One of our questions the survey answered was whether or not DevOps is paying off. Here’s a hint: It’s not! Read on to find out why.
THE RESPONDENTS
We set out to better understand the landscape of testing in DevOps. Development is always paving the way in terms of leading software delivery practices, and testing has no choice but to follow through and put together the pieces as they go, often having to learn on the fly an influx of jargon like CI/CD, configuration management, MTTR, and more. That’s why we want this report to see where the state of testing in DevOps has landed. How are teams operating differently since waterfall to now? In what major ways do teams today succeed? In what way do they fail? What cultural approaches make them succeed? What tactical approaches do they take? Can we sift through the buzzwords and fads to find leading practices that actually contribute to success?
In order to get the data, we sent a public survey out to the testing community via our social networks and at testing conferences and received about 500 responses.
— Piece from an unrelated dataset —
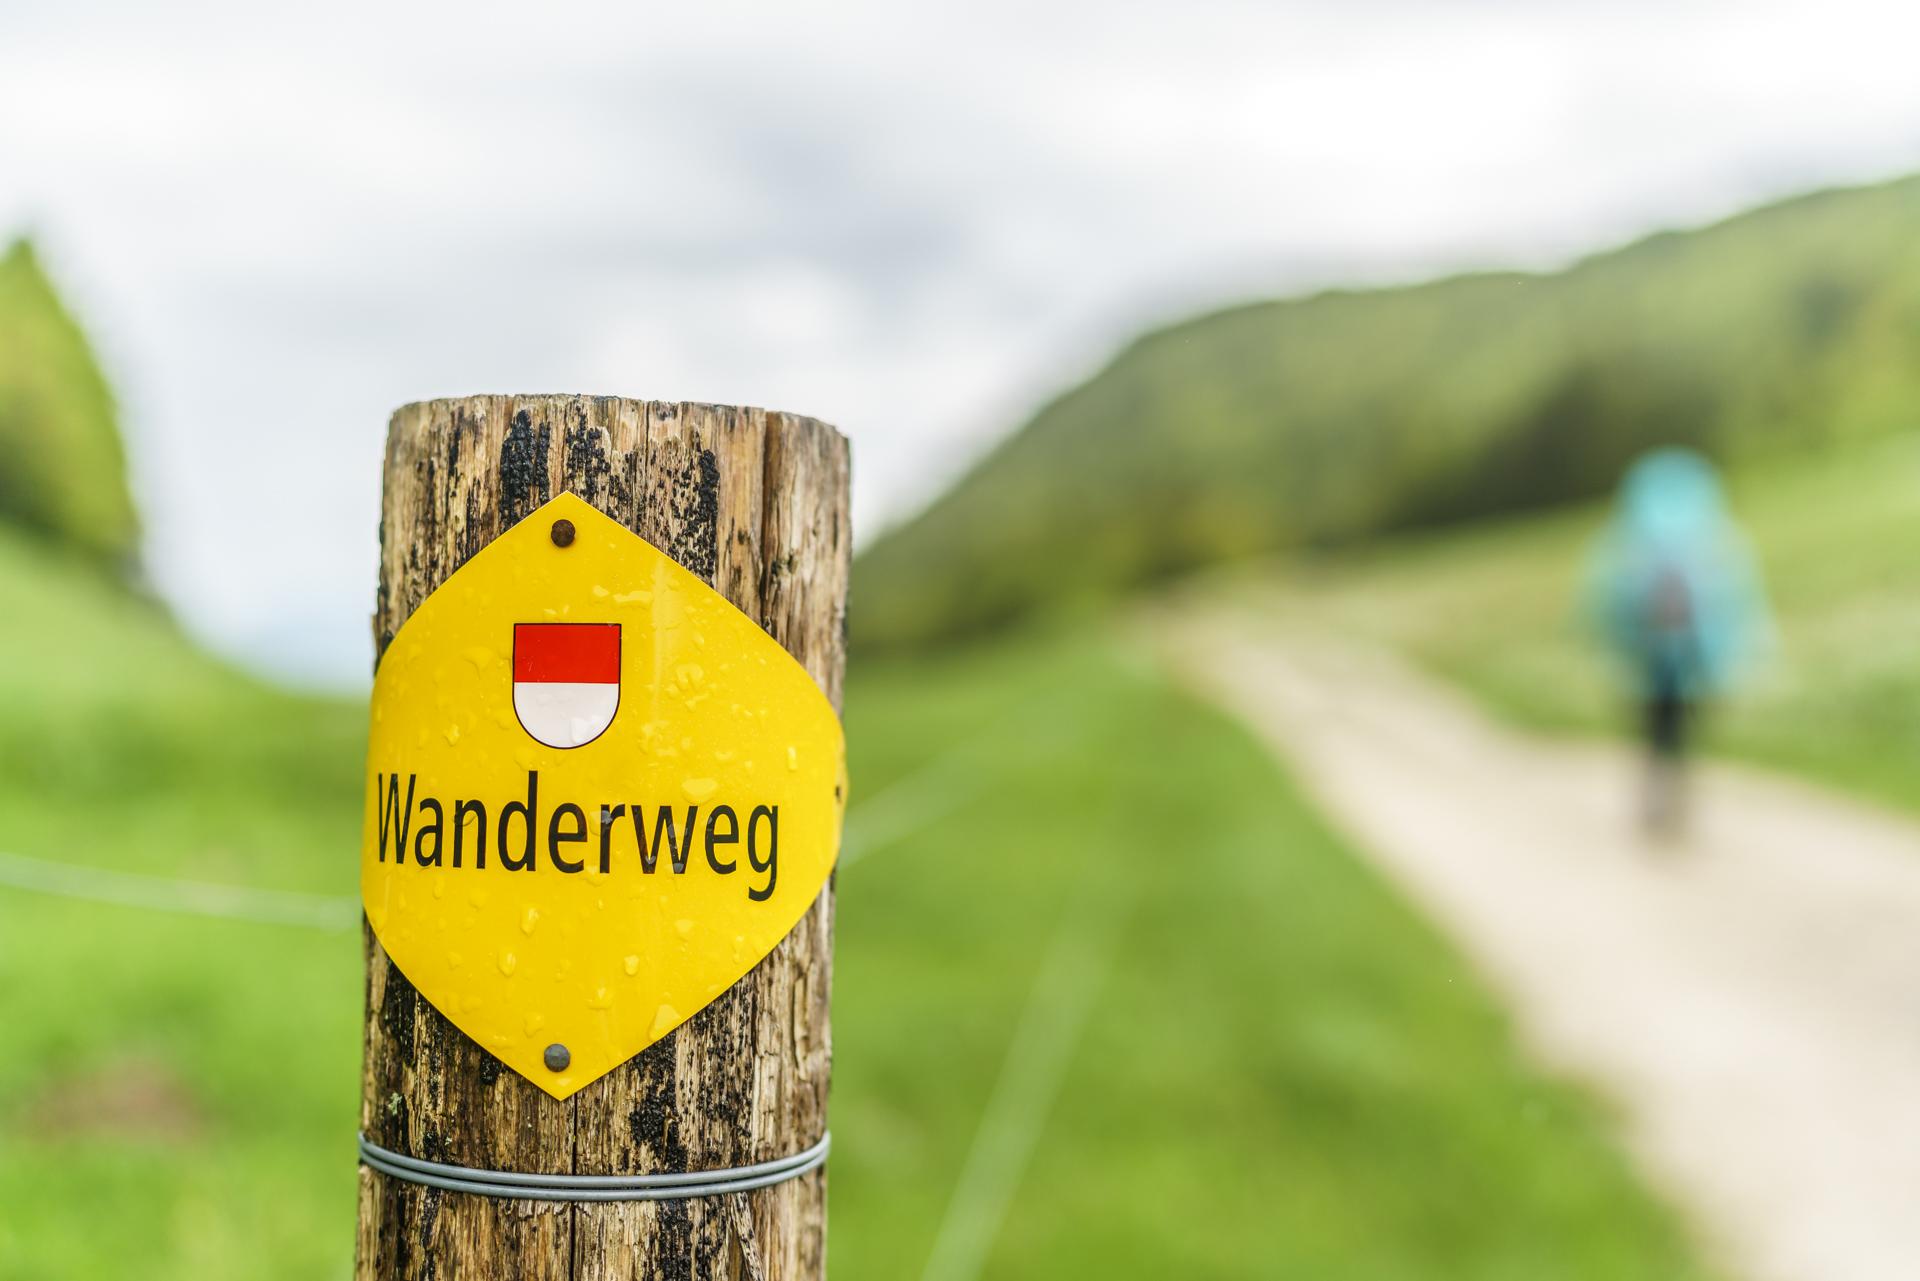 Solothurner-Wanderwege-Weissenstein

We know we can’t claim the results represent the whole community. However, the consistency in the responses, as well as correspondence between the responses and our early market research lead us to believe the results we have are significant, and accurately represent the testing community.
An important aspect of our analysis was identifying if there was a variance in the type of tester responding to the survey - are they part of a “traditional” testing team in the sense that they ship code infrequently and have siloed testing roles? Or are they part of a modern development team that ships new code every day and takes a whole team approach to testing?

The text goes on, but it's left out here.